_SUPPLIED DATA_
===============
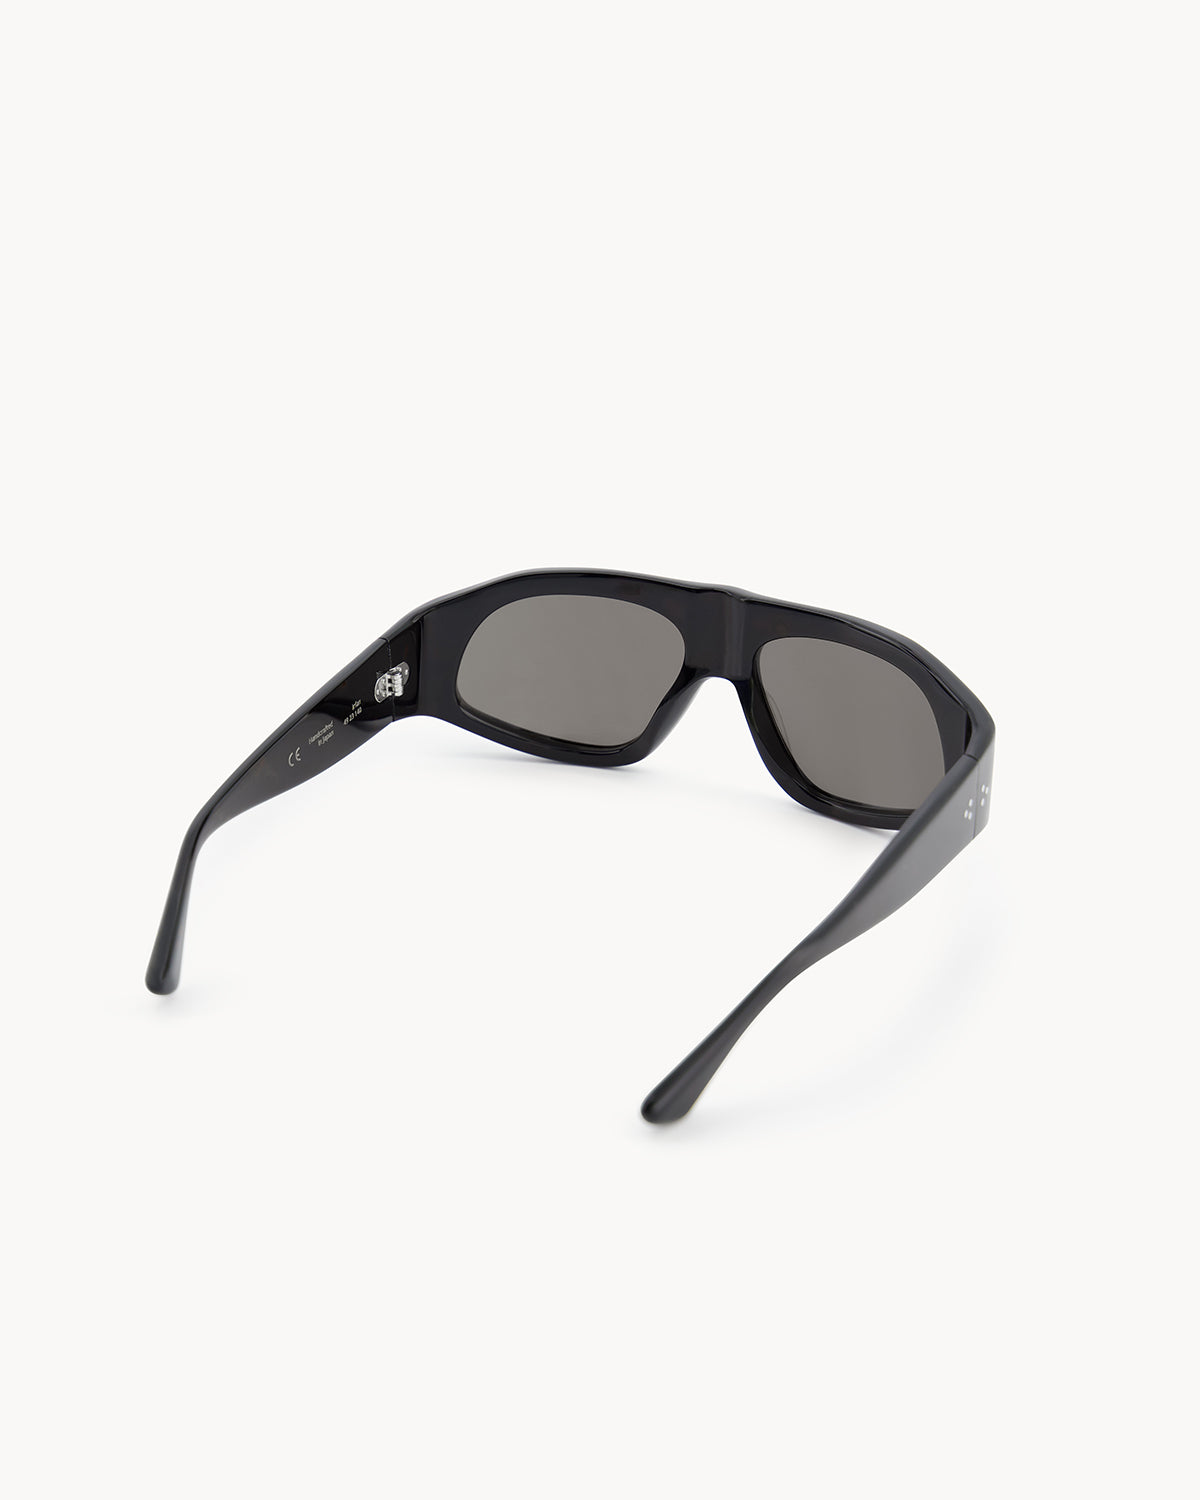 Port Tanger Irfan Sunglasses in Black Acetate and Black Lenses 3
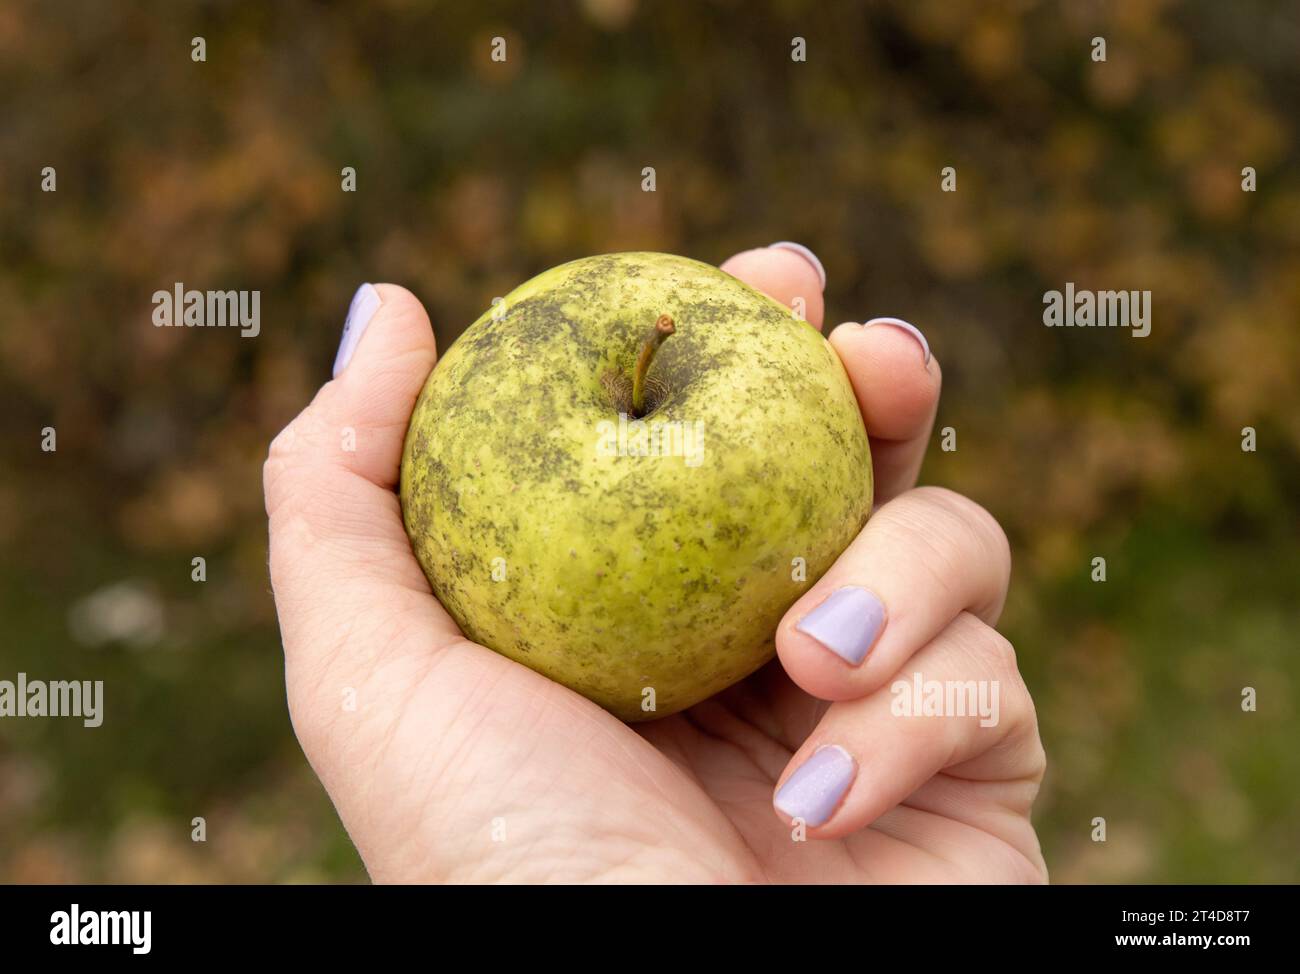 Frau, die Phyllachora pomigena, Cladosporium oder Schizothyrium pomi hält, bedeckt selbst angebauten Apfel, der ein Pflanzenpathogen ist. Stockfoto
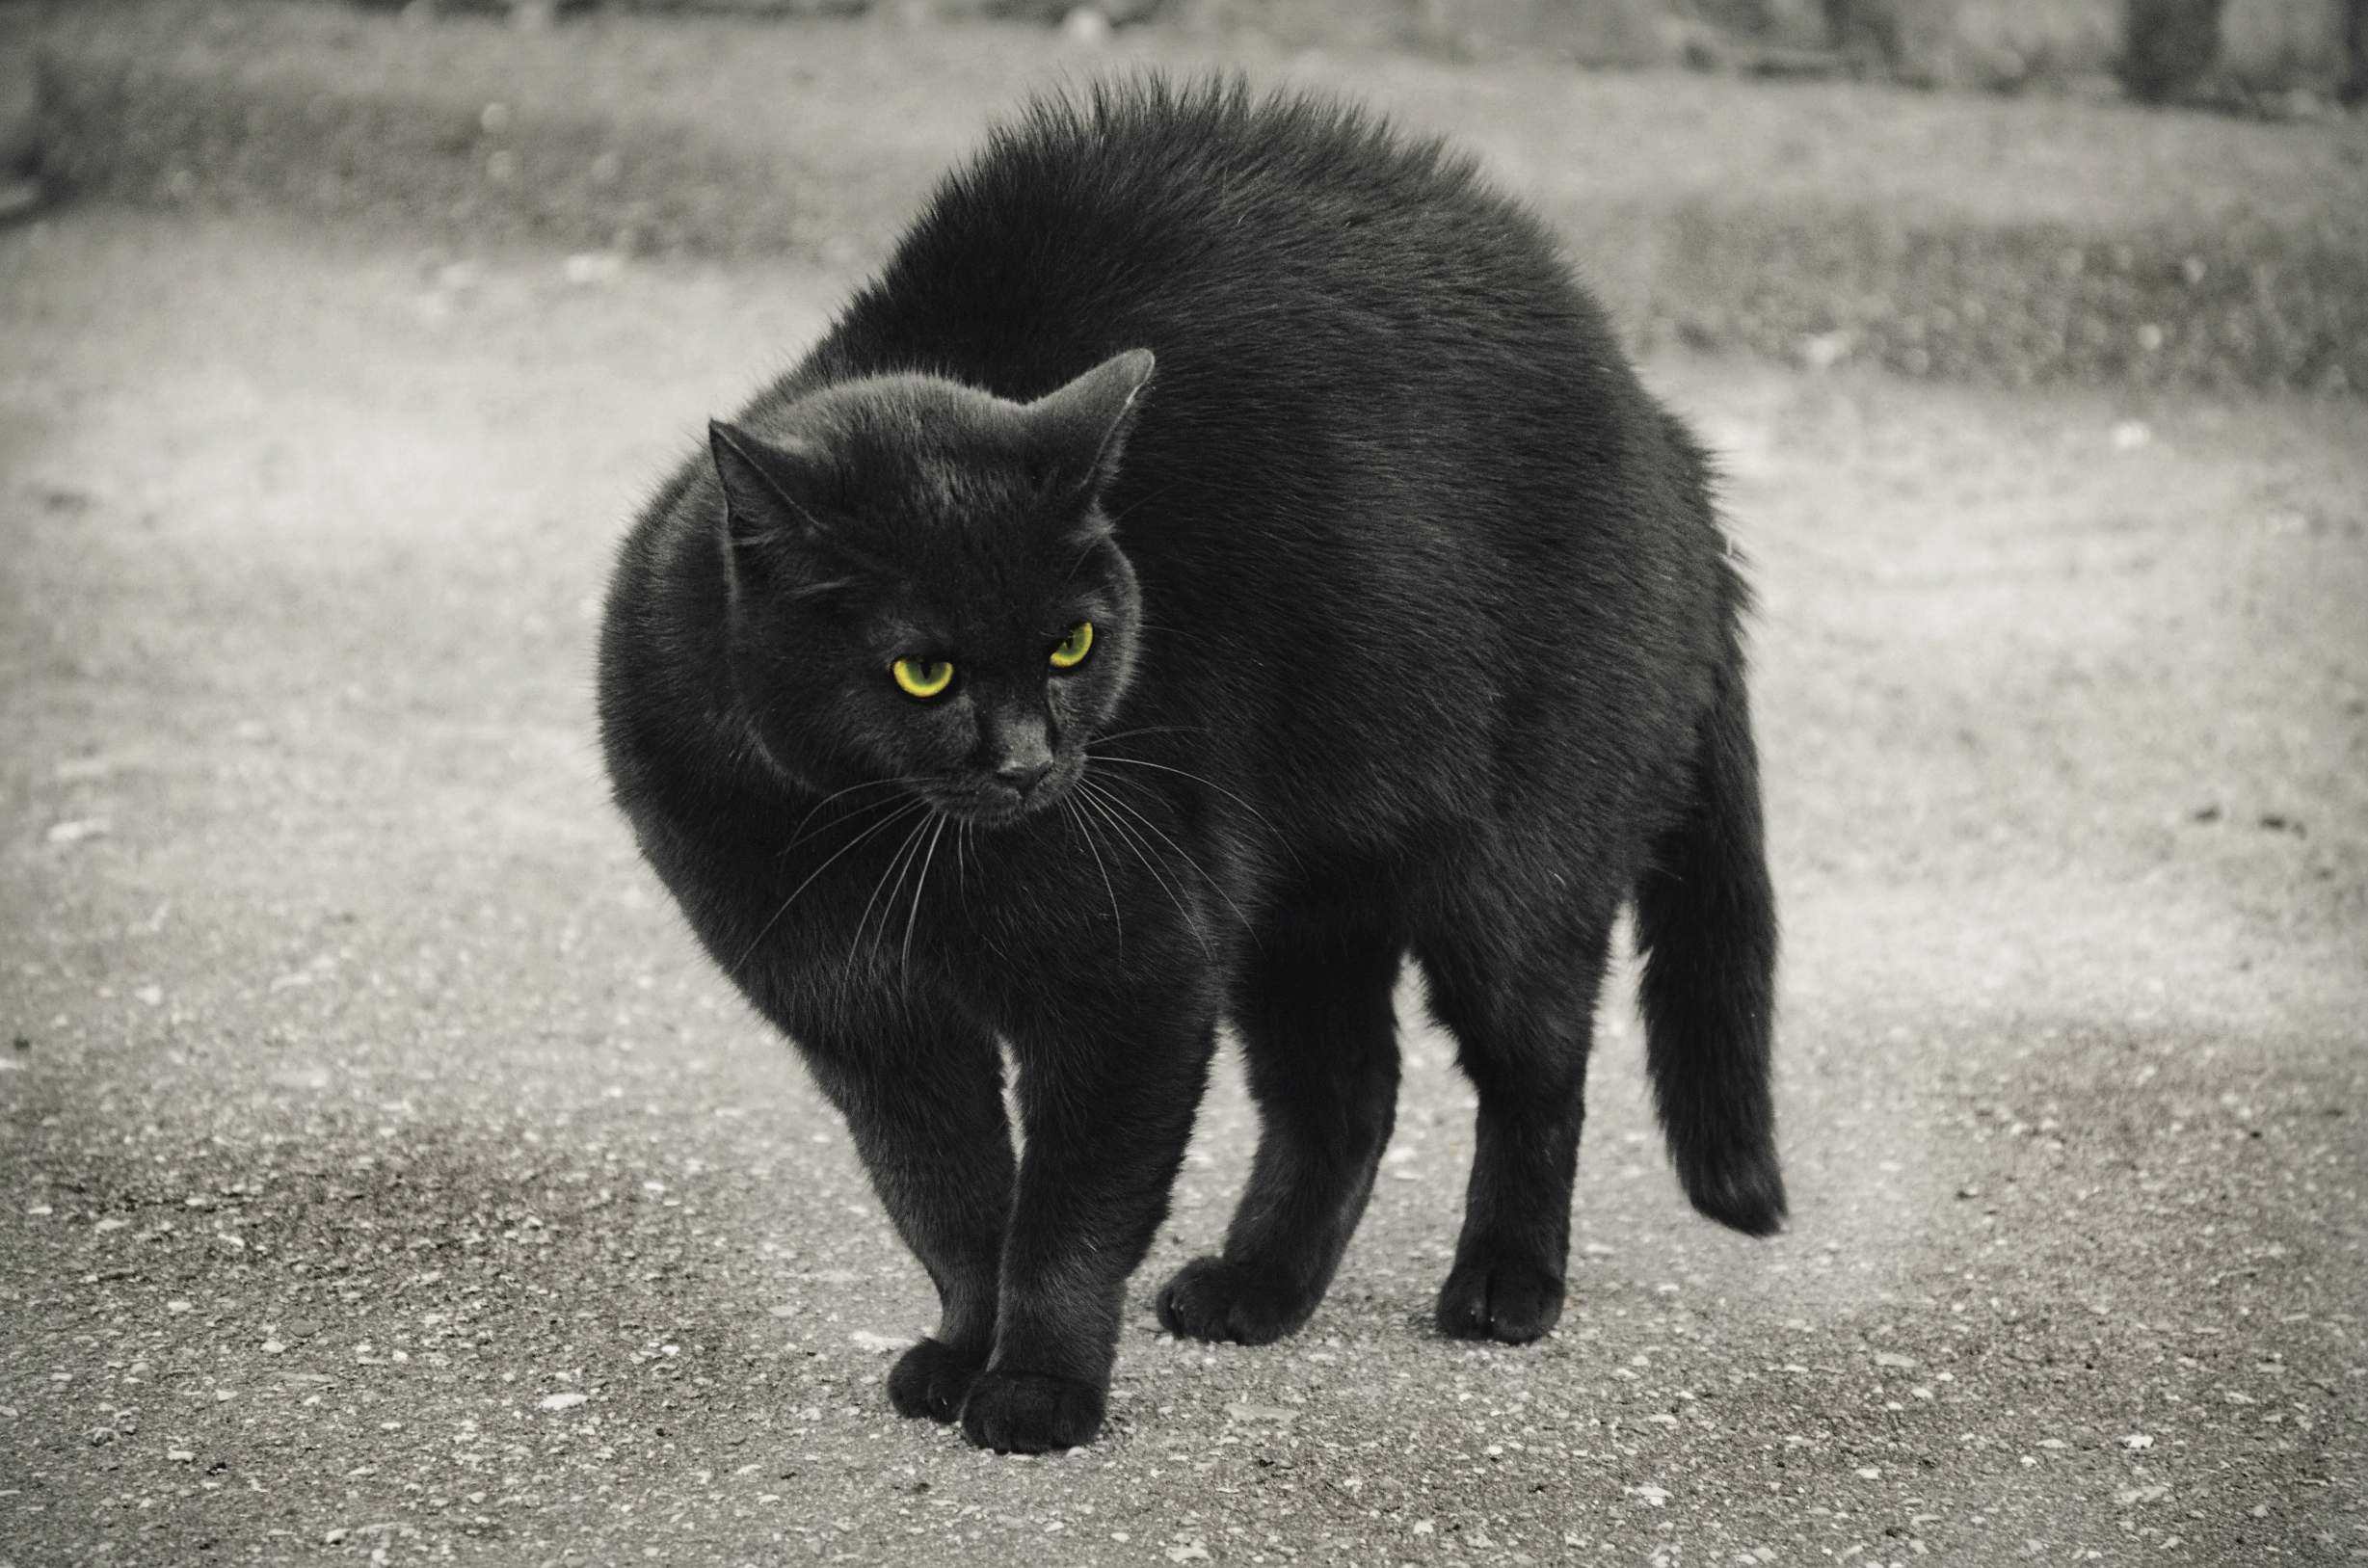 曾经有一只黑猫在角落里...
===============
Before you return the listing exactly, strip out its pictures.

_YOUR SOLUTION_
 Port Tanger Irfan Sunglasses in Black Acetate and Black Lenses 3
 Frau, die Phyllachora pomigena, Cladosporium oder Schizothyrium pomi hält, bedeckt selbst angebauten Apfel, der ein Pflanzenpathogen ist. Stockfoto
 曾经有一只黑猫在角落里...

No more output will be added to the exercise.